Luzerner Genossenschaften kontern Kritik der SP

Wenn die günstige Wohnung erst eine Stange Geld kostet

In der Krienser Teiggi-Siedlung werden beim Einzug relativ hohe Summen verlangt. (Bild: zvg)

Bei Wohnbaugenossenschaften müssen Mieter oft Anteilscheine kaufen, bevor sie in eine Wohnung ziehen können. Das kann bis zu 30'000 Franken kosten. Die Stadtluzerner SP sieht darin ein Problem.

Es klingt eigentlich wunderbar. In der hippen Teiggi-Siedlung in Kriens wird ein Mieter gesucht für ein Wohnatelier. 57 Quadratmeter Fläche, bis zu 5 Meter hohe Räume, Mietpreis 1210 Franken. Doch: Interessenten müssen bei der Wohnwerk-Genossenschaft, der die Wohnungen in der Teiggi gehören, ein Anteilkapital von 14'500 Franken beisteuern.
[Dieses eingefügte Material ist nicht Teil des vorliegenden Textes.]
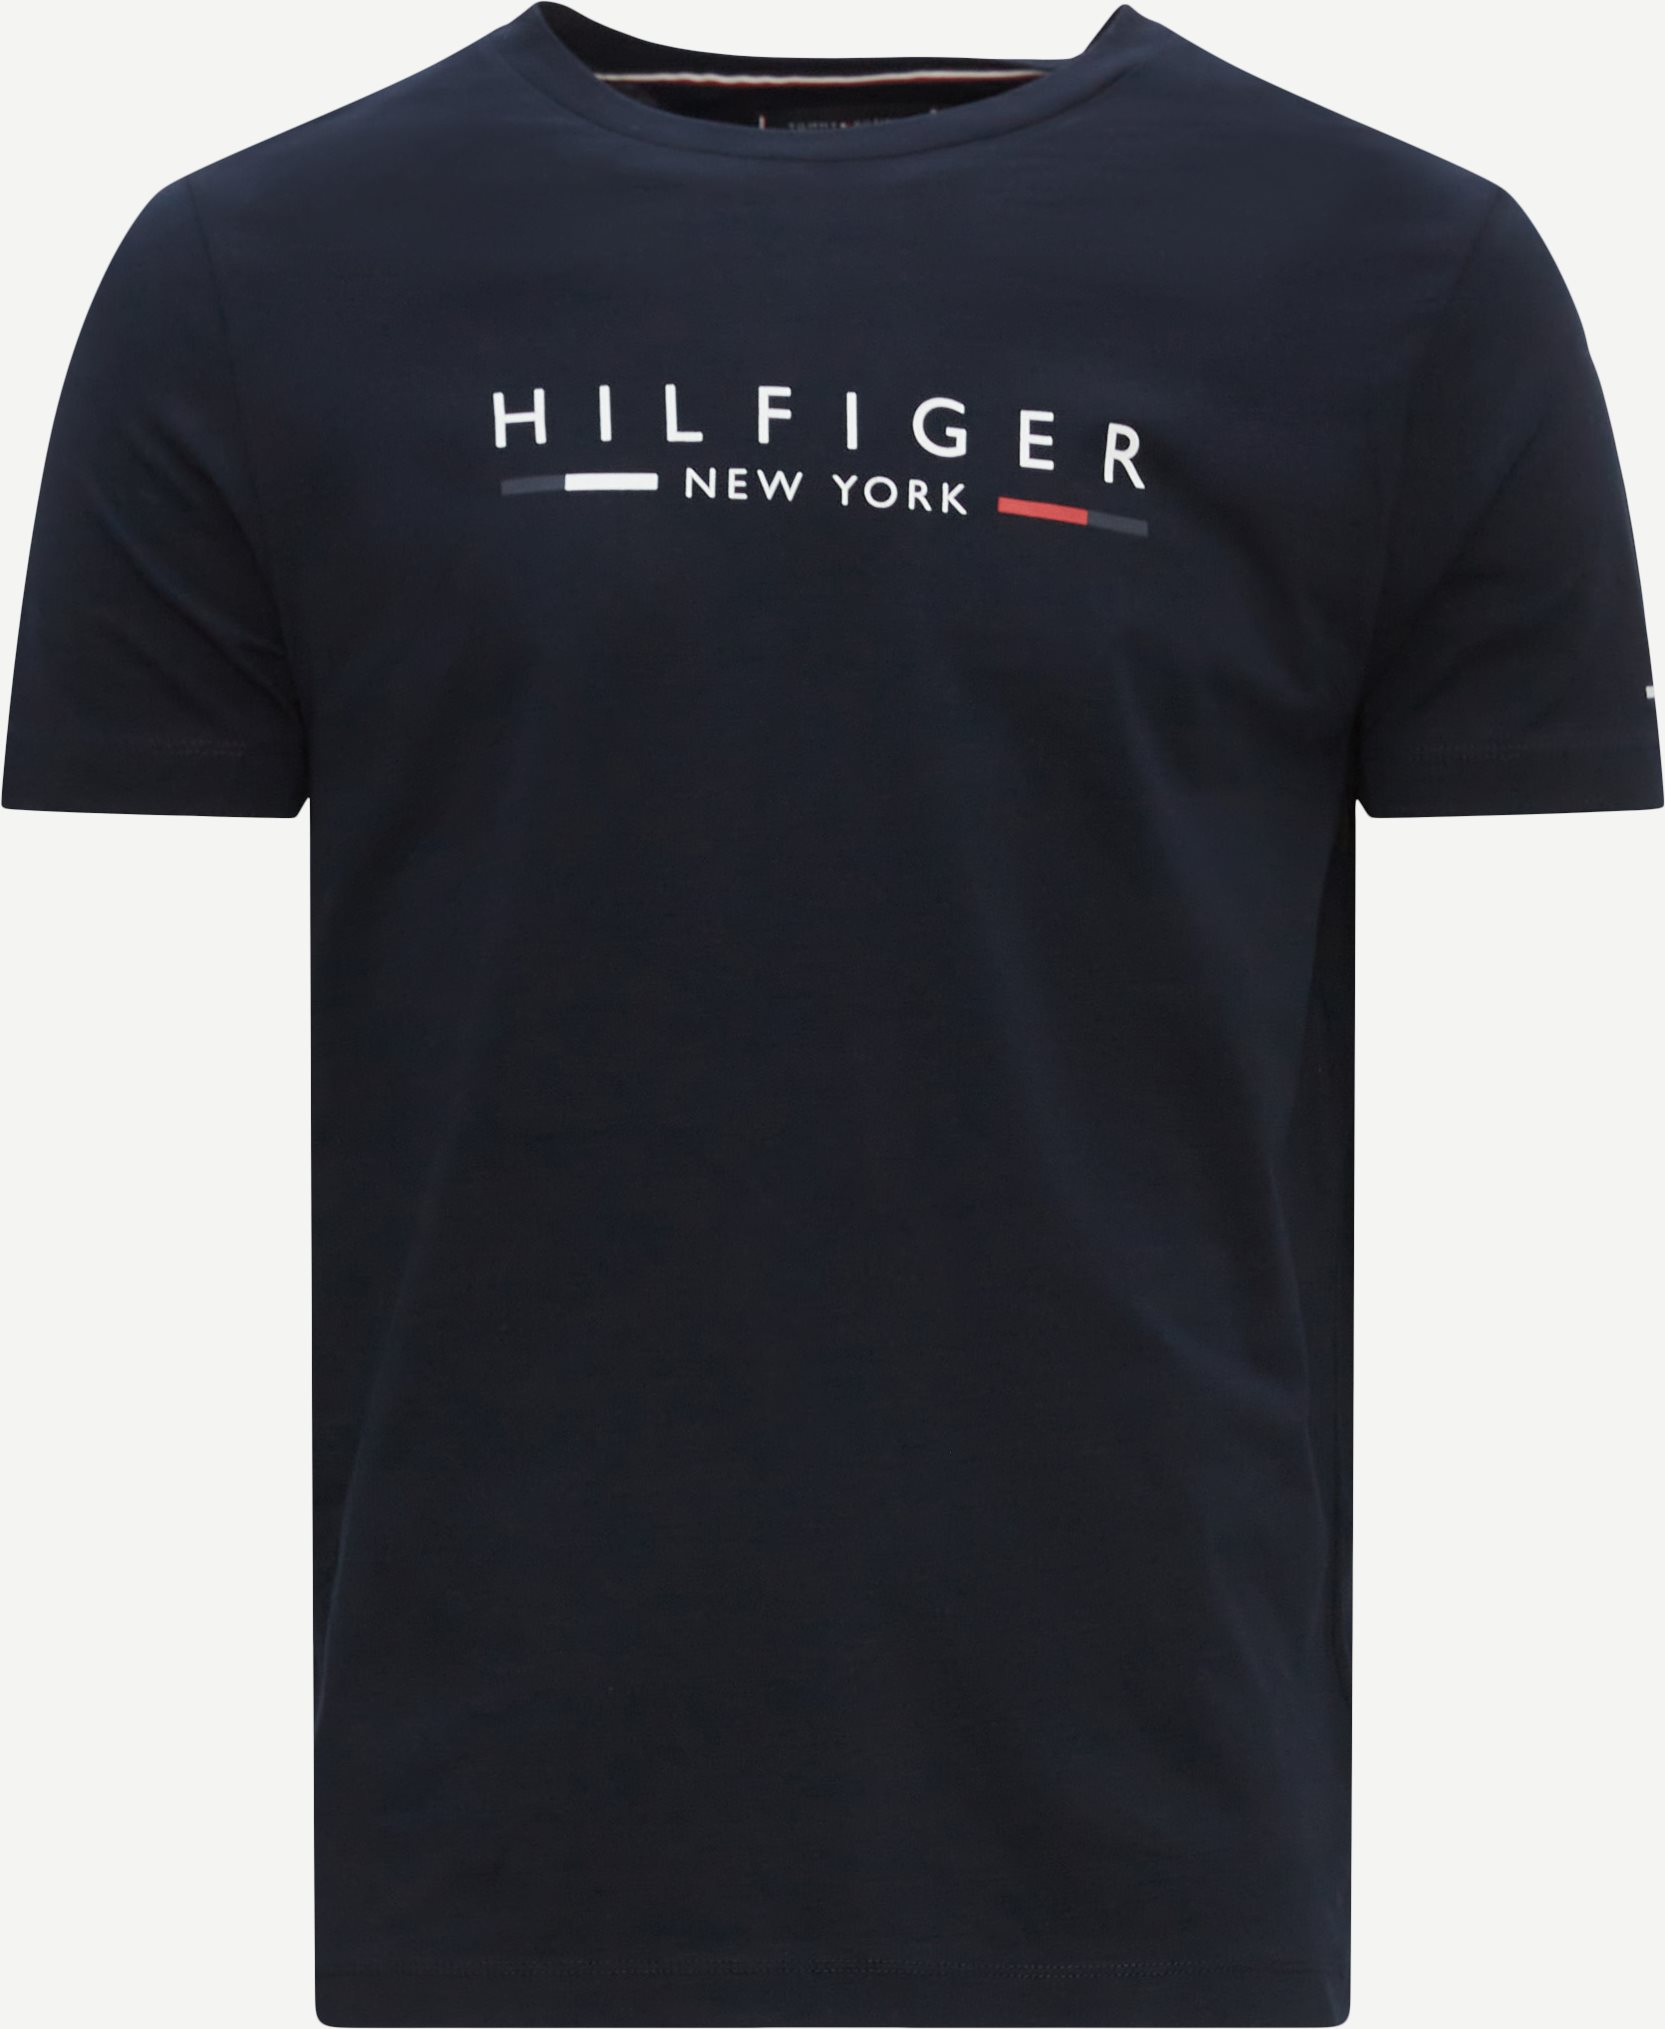 Tommy Hilfiger T-shirts 29372 HILFIGER NEW YORK TEE Blue

Ein stolzer Betrag, den man nicht so leicht aus dem Ärmel schüttelt. Und laut der SP eine hohe Hürde, um überhaupt eine Genossenschaftswohnung zu erhalten. Denn damit würden genau jene Personen ausgeschlossen, die womöglich auf eine preisgünstige Wohnung angewiesen wären.
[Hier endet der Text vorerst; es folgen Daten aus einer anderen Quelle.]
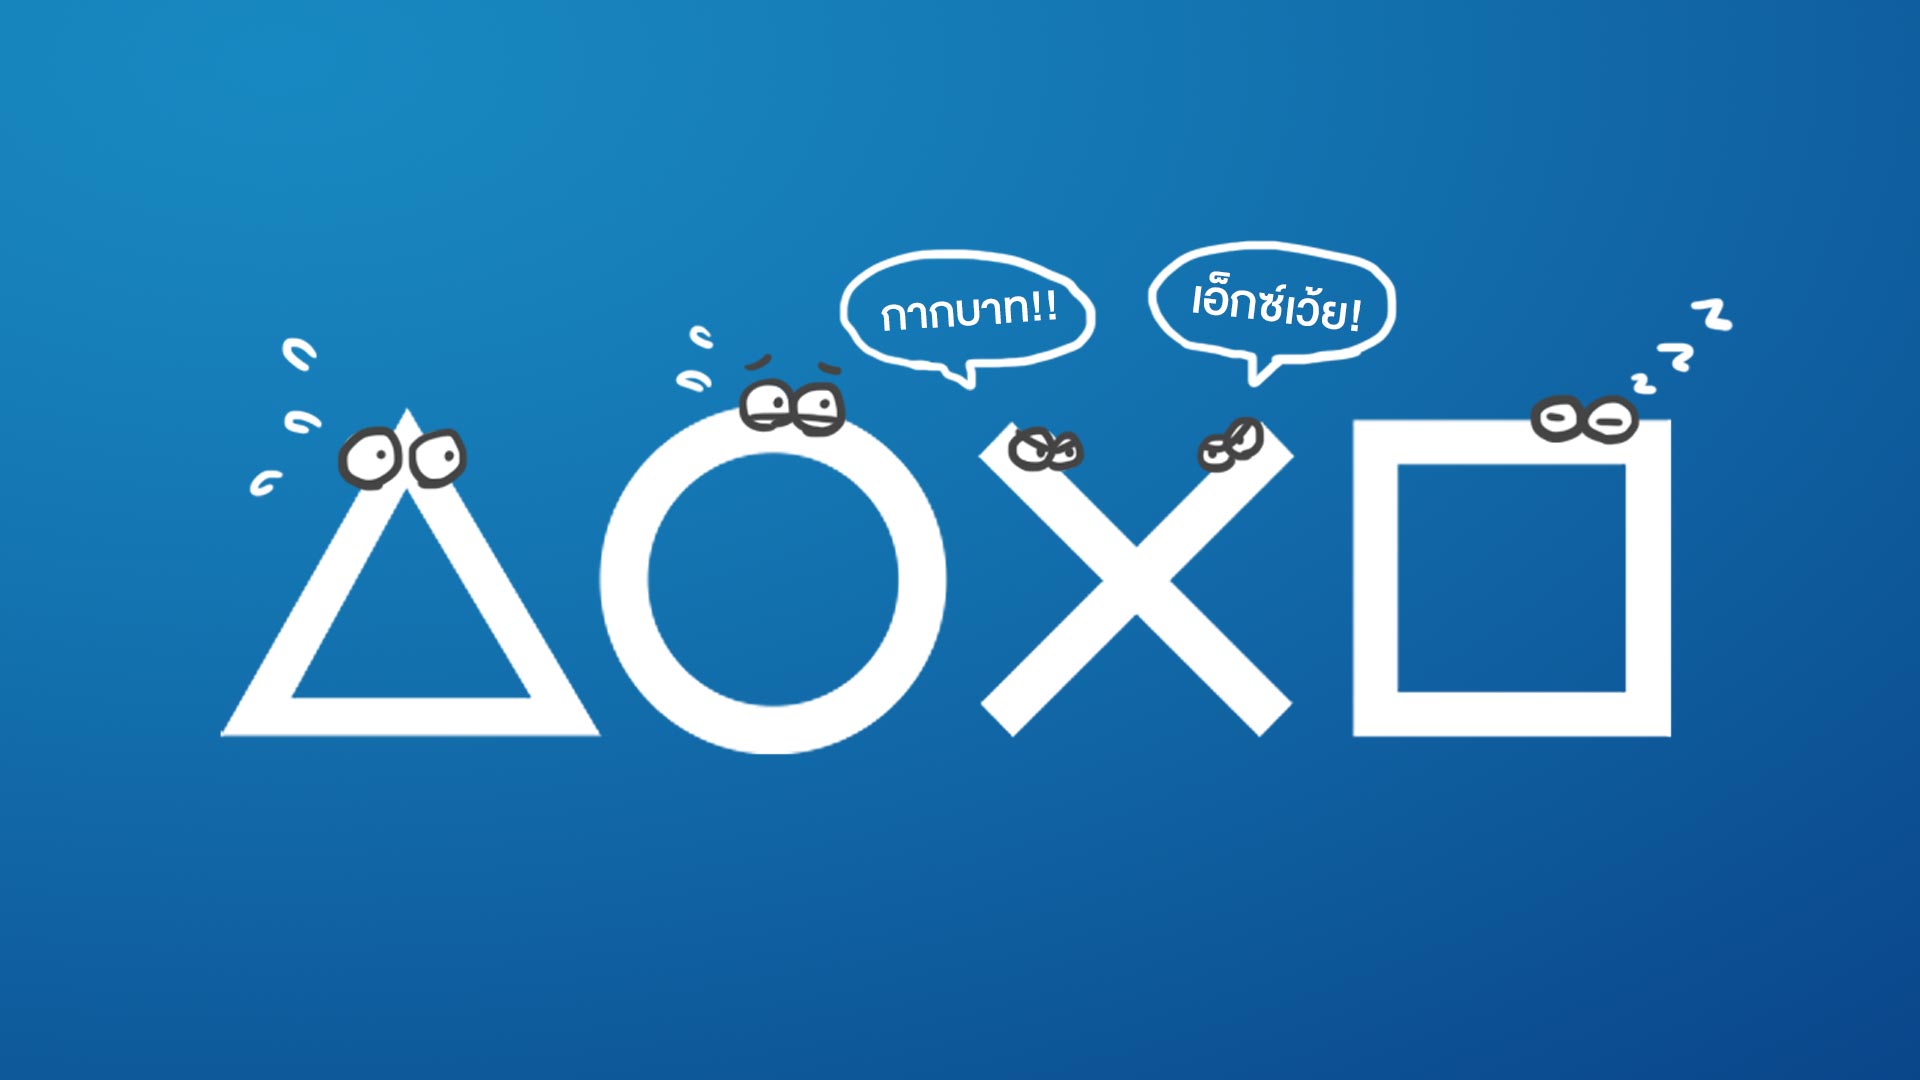 Playstation จะแจ้ง! ปุ่ม X อ่านว่า “Cross” (กากบาท) ไม่ใช่ “เอ็กซ์”

Die SP bringt in einem Postulat dieses Problem des Eigenkapitals ins Gespräch. Gemäss der Partei besteht in Sachen sozialer Durchmischung bei den Genossenschaftswohnungen «noch grosses Potenzial». Gerade was der Anteil von ausländischen Mieterinnen betrifft, sei die Integration «enttäuschend». Die SP verlangt deshalb Gegensteuer, zum Beispiel, indem die Stadt Geringverdienern die Pflichtanteile vorschiesst. Der Stadtrat wird seine Stellungnahme nächste Woche veröffentlichen.
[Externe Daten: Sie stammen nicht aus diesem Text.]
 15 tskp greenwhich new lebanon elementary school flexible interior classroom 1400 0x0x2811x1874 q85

Der Vorstoss der SP mag erstaunen, denn dass in Genossenschaften die «falschen» Leute wohnen, ist üblicherweise ein Kritikpunkt der Bürgerlichen. Allerdings hat die Stimmbevölkerung 2012 die SP-Initiative «Für zahlbaren Wohnraum» angenommen hat. Bis 2037 sollen darum jährlich 100 zusätzliche gemeinnützige Wohnungen entstehen. Wenn diese aber gar nicht «bezahlbar» sind, verfehlt die Stadt das Ziel der Initiative.

Genossenschaften zeichnen ein anderes Bild

Erstaunt über diese «Problematik» ist der Zusammenschluss der Luzerner Wohnbaugenossenschaften, das G-Net. «Sowohl hinsichtlich Einkommen als auch Herkunft ist die Durchmischung in den Genossenschaftswohnungen gut», sagt Koordinator Florian Flohr. «Wie bunt das Bild ist, zeigt nur schon der Blick auf die Türklingeln zum Beispiel bei uns an der Ulmen- oder Lindenhausstrasse.»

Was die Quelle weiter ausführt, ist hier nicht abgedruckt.